Children’s Photobooks: Not Just for Children

As an adult, I have always loved children’s books. Before I had kids, I used to position myself close to other people’s children in bookstores as I indulged my picture book habit. The idea was to give the appearance that I was somehow connected to someone else’s unsuspecting child and therefore “vetted” as a children’s book browser. I guess, deep down, I had internalized that official New York City playground rule that prohibits adults except in the company of children.  Finally, a few years later, with my own children in tow, I could freely enter the children’s section at my local bookstore without any fear of my true motives being discovered.

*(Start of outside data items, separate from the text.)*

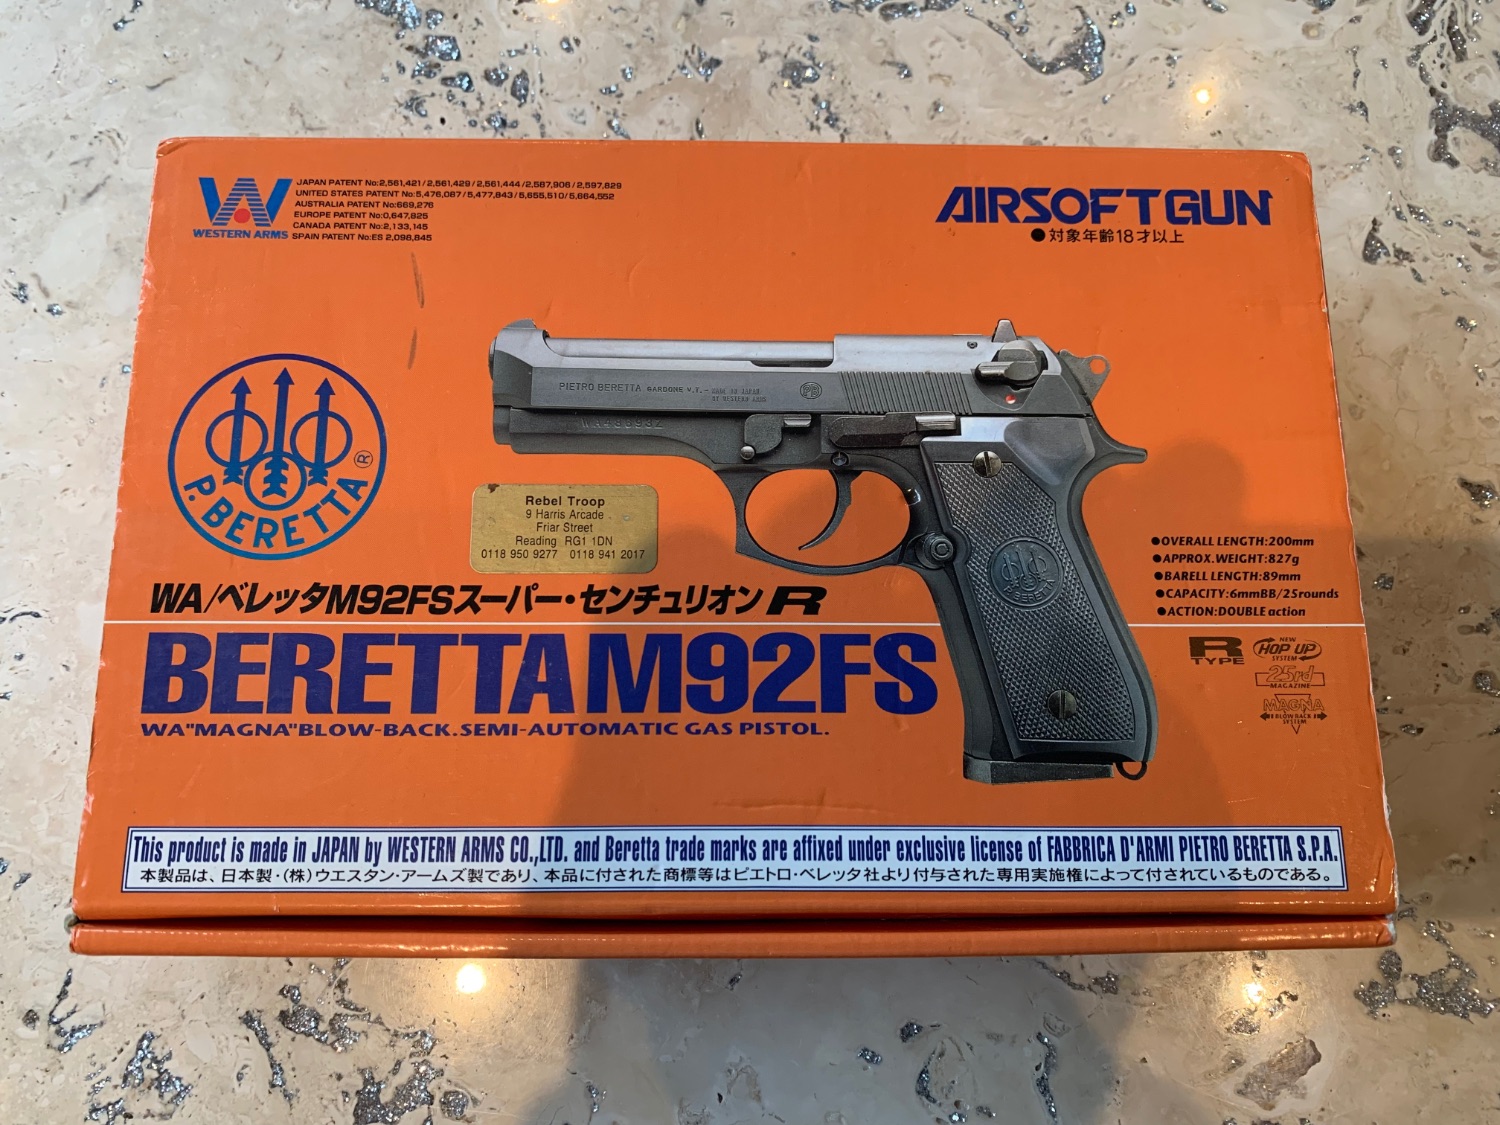 Western Arms Beretta M92FS - Gas Pistols - Airsoft Forums UK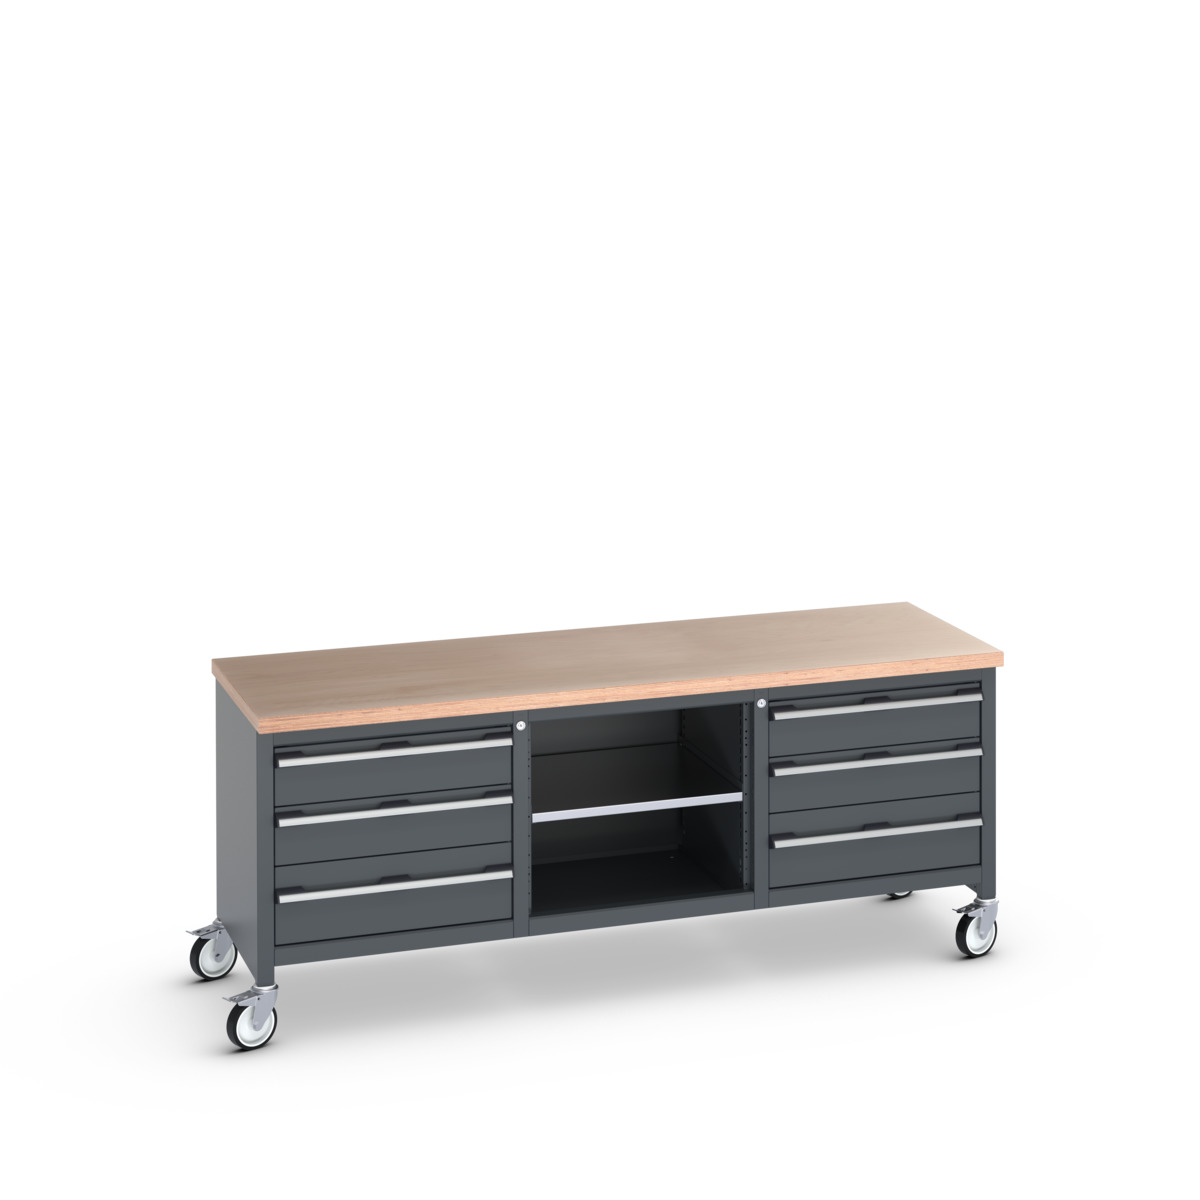 41002130.77V - cubio mobile storage bench (mpx)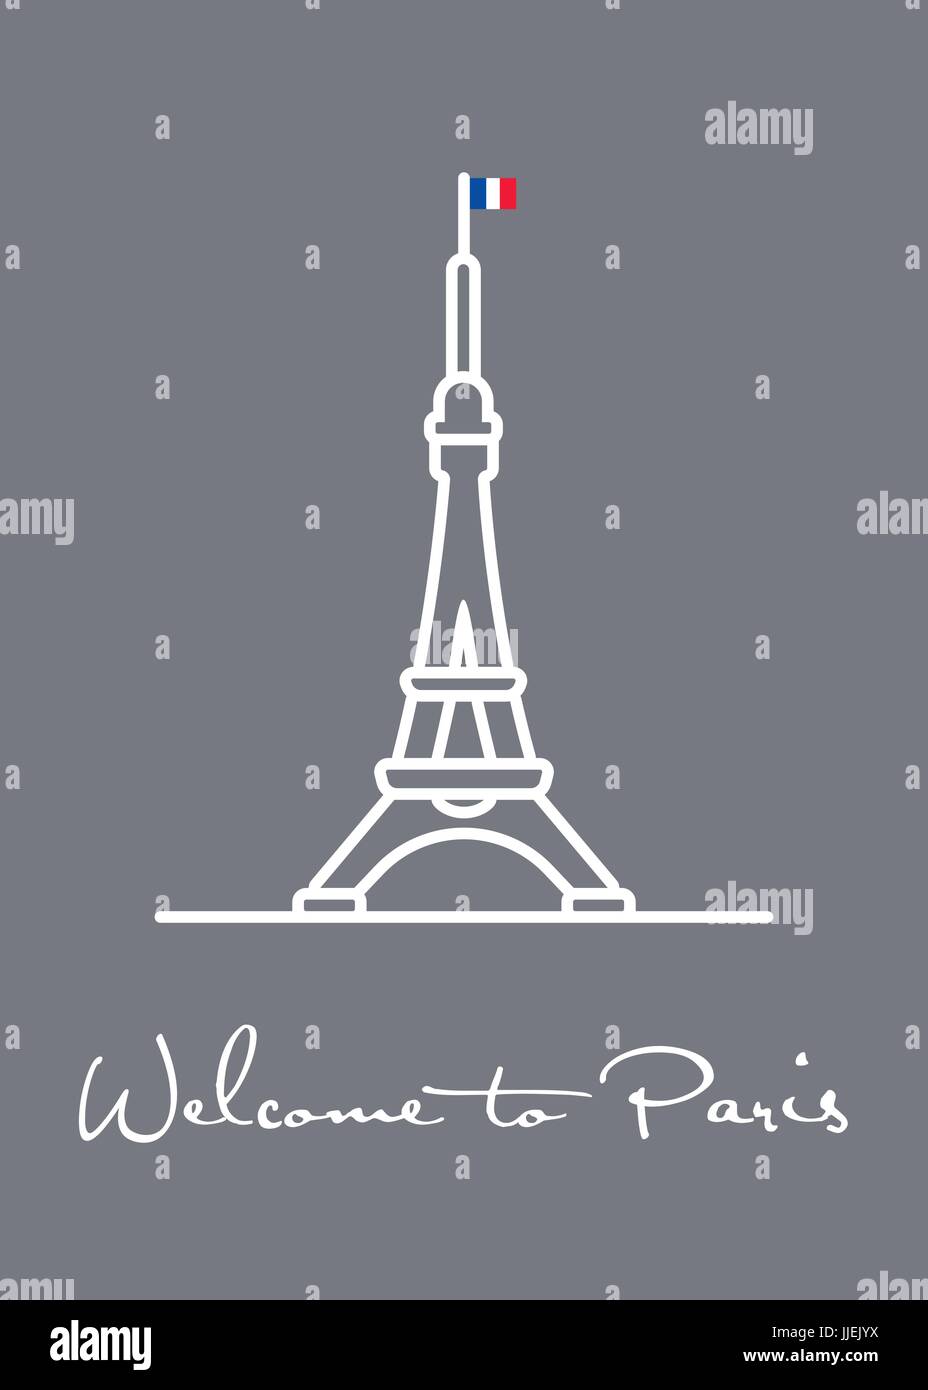 Welcome to paris, Greeting Card vector illustration with Eiffel Tower.. Stock Vector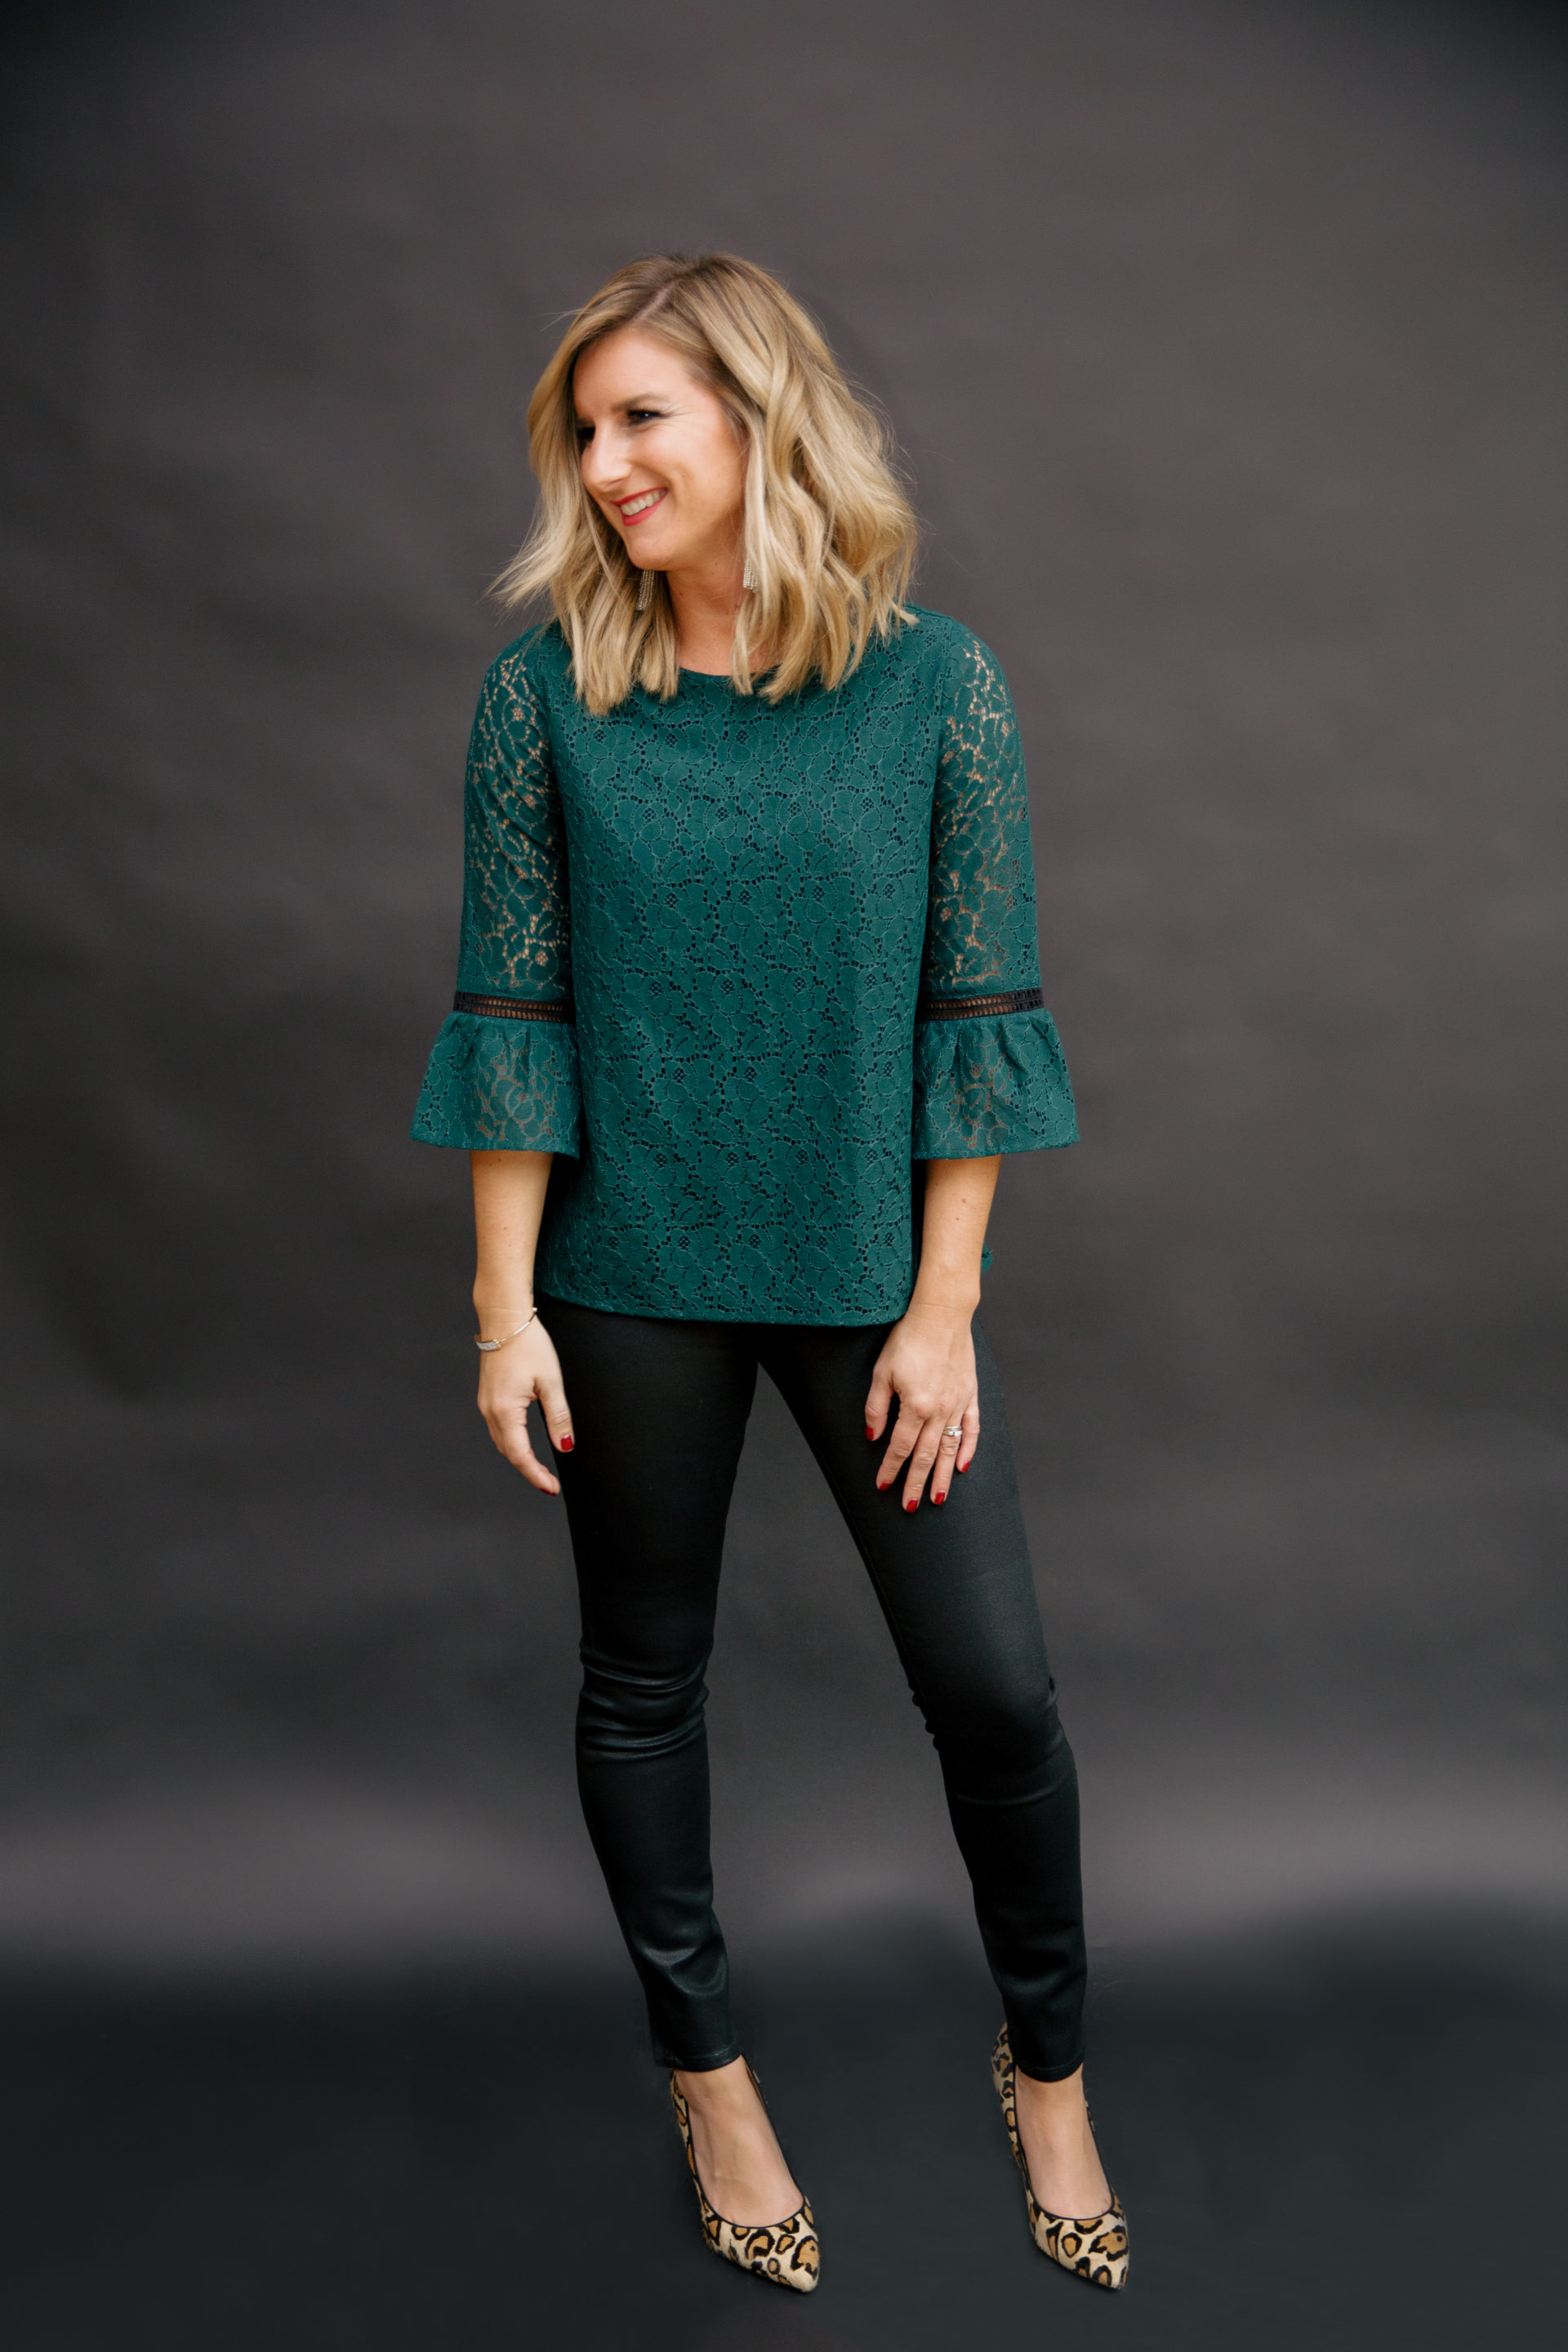 gibson glam holiday outfit ideas - the MALLORY velvet wrap top in black -  Pinteresting Plans

Recently, upon learning of a reprint of Japanese photographer Eikoh Hosoe and Betty Jean Lifton’s 1967 children’s book Taka-chan and I, I quietly let slip my interest in children’s books to the staff at the International Center of Photography Library. Not surprisingly, I had company. Turns out, they also indulged in children’s books, especially those with a photography focus.  On a shelf, just before the glass enclosed rare book section, sits a nice selection of children’s books by well-known photographers that include Albert Lamorisse’s classic The Red Balloon (1956), Ylla’s animal themed books (1940s-50s), Jill Krementz’s A Very Young Dancer (1976) and photojournalist David Douglas Duncan’s Yo-Yo Kidnapped in Provence (2011). What follows is a highly personal selection of children’s books in the ICP Library collection by Eikoh Hosoe and writer Betty Jean Lifton; Dare Wright; and Alec, Carmen and Gus Soth.


When one mentions the work of Japanese photographer Eikoh Hosoe, few think of children’s books. Rather, as a founding member of the influential Vivo photography agency in 1959, Hosoe is best known for his surreal and haunting images of Yukio Mishima, and jarring formal compositions of black and white nudes in Man and Woman / Otoko to Onna (1961). So, it comes as a surprise to many that he collaborated on 4 children’s books with American author Betty Jean Lifton from 1967-1985. In the first 2, Hosoe uses carefully staged and moody images to illustrate Lifton’s culturally rich stories that explore the Japanese countryside and Tokyo through the eyes of dogs. The first book, Taka-chan and I (1967 – reprinted 2012) tells the tale of Runcible, a Weimaraner, who digs a hole from Cape Cod to a deserted beach in Japan, where he is discovered by a little girl named Taka-chan. She is being held by an evil dragon, who has taken her captive because her father and his fellow fisherman no longer pay him respect. Runcible courageously asks the Dragon to release Taka-chan and the dragon says he will grant the request on one condition, that they find the most loyal being in Japan and place a white flower at his feet. Thus unfolds, through Lifton’s prose and Hosoe’s photos, an adventure that introduces western children to Japanese customs, folktales, and the legend of Hachiko, Japan’s most faithful dog. Hosoe’s photographic range is beautifully illustrated through interior scenes that are draped with ominous shadows, wide-open country lanes and crowded urban streets framed by doorways covered with traditional Japanese half-curtains (noren).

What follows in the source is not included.